Friday, March 20, 2009

The Weekly Alternative - The Mothman Prophecies

This weekend Nicolas Cage is once again doing what he doesn't do best -- save the world. I'm sure I'm not the only one who wishes Cage would put his superhero, action star dreams to sleep, permanently. Remember Adaptation? Man, that was a good one -- played to his strengths. So I'm tempted to recommend some forgotten Cage movie like Vampire's Kiss or Bringing Out the Dead. But I'll stick to the themes of Cage's newest would-be blockbuster, Knowing, and recommend a movie dealing with paranormal warnings that is surely far more creepy than Knowing and based on a true story to boot.

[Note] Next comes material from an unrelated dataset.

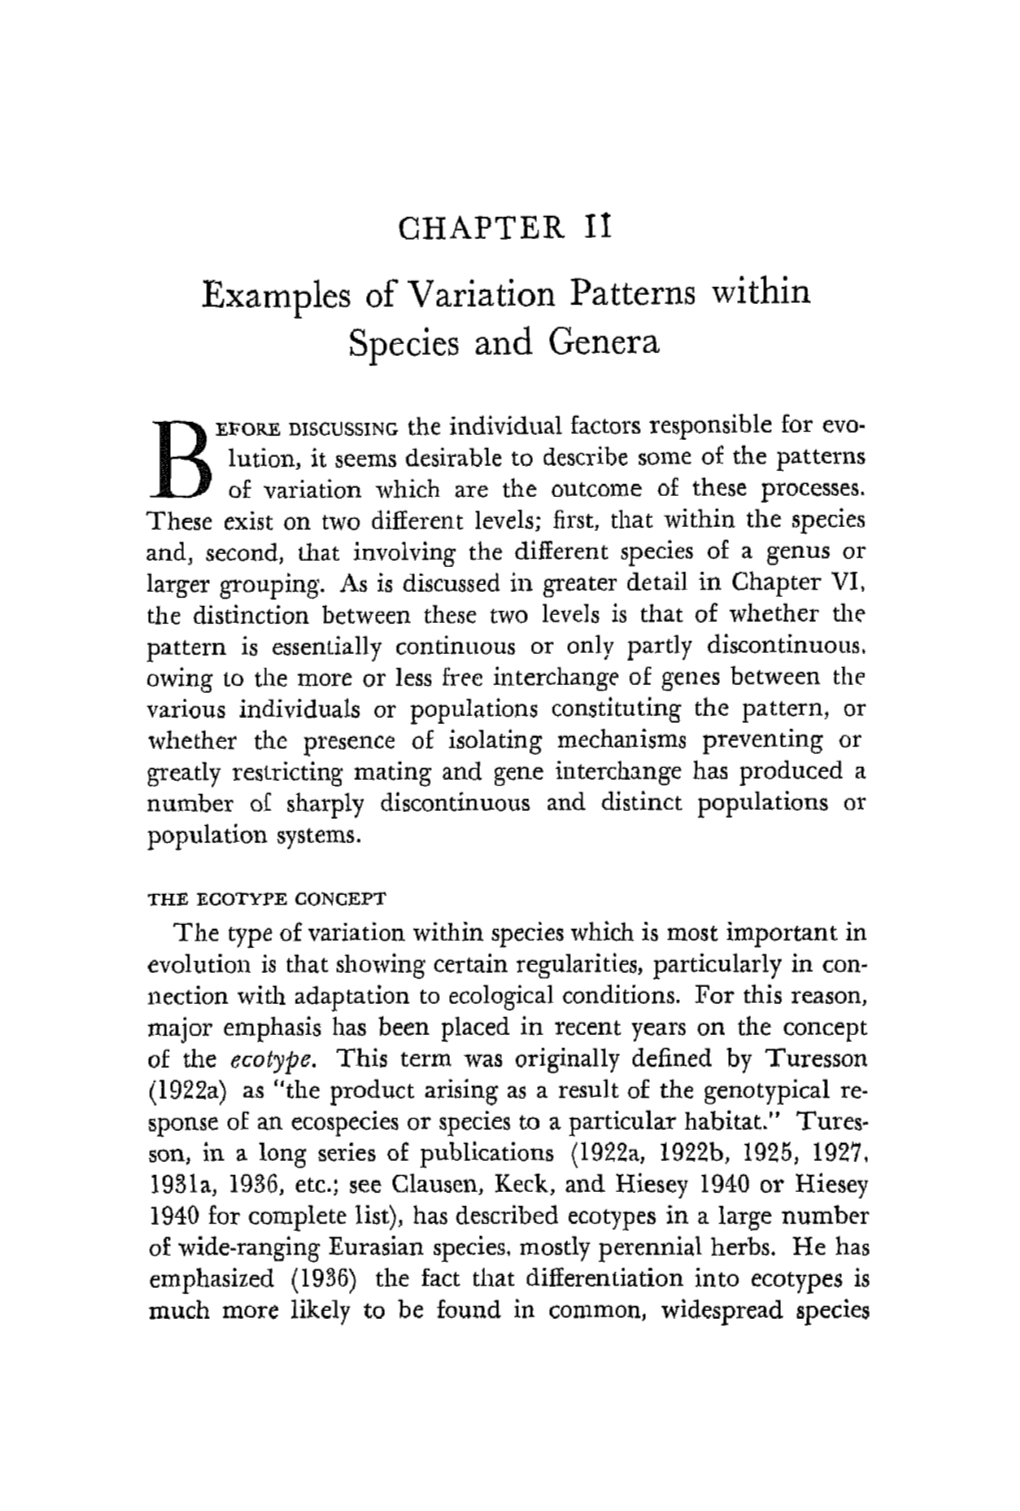 Chapter 2. Examples of Variation Patterns Within Species and Genera

The Mothman is a rich subject, probably worthy of an even better movie than The Mothman Prophecies, Mark Pellington's 2002 movie featuring Richard Gere and Laura Linney. An adaptation of the book written on the strange events that occured around a couple around a town in West Virginia over the days leading up to the tragic collapse of a suspension bridge in 1967. The film has it's problems but they're mostly kept to the front end of the picture as it uses some less than inspired techinques to get the story moving. Richard Gere's wife dies after a car crash and he finds that she's been making some drawings of a mothman type character. A couple years later he's trying to drive to Richmond but instead he find himself mysteriously deposited in Point Pleasant, West Virginia -- the real town that experienced the mothman sitings and the bridge colapse. The film then takes palce in the days leading up to that bridge collapse and Gere and the town sherrif, played by Laura Linney, work as our Skully and Mulder as we start meeting with the other people who've had run-ins with the Mothman and tryt to crack the mystery.

While the film is clumsy getting itself going in the early on, once we're in Point Pleasant and we're actually dealing with the real events that occured prior to the bridge collapse, the movie becomes a subtle (for this kind of film) and eerie look at the possibility of actual harbingers of doom manifesting themselves. Gere and Linney certainly add some credibility to this story and one of the reasons why this movie has stuck with me is how well and respectfully it treats this material. This isn't turned into an excuse to wow audiences with some whiz-bang special effects. It keeps its focus on the story and the characters and to its benefit keeps everything in the realm of possibility -- at least in a Fortean sense.

For fans of all things Fortean, this film can be looked at with some frustration as a bit of a wasted opertunity. There have been very few films made that deal with high profile paranormal events in any kind of satisfying way for those of us who enjoy pondering the posibilities of such things. Some of the more fascinating aspects of the Mothman story get bogged down in the Richard Gere character's back story and the end result can lead to more head scratching than to any sense of discovery. But it does get the fundamentals right. You come away with the great sense of dread that permeates every frame and if you do leave scratching your head, wondering what the Mothman is all about, like I did, and start researching the subject, is a testament to its effectiveness. Asside from some of the storytelling mess, Mark Pellington does a great job with the material. The elemental creepiness of the Mothman and the conspiracy at large in this film is handled with a realness that could easily have been turned into something like, oh I don't know, some sort of Nicolas Cage vehicle. So if you're in the mood for some real Knowing, I would recommend taking a look at how it might have went down 40 years ago in West Virginia and watch The Mothman Prophecies. But if you just want to see 'spolsions and more futile attempts at keeping a hairline under control, well then you could probably do worse than Knowing. Hell, it looks a whole lot better than that Bangok Dangerous mess.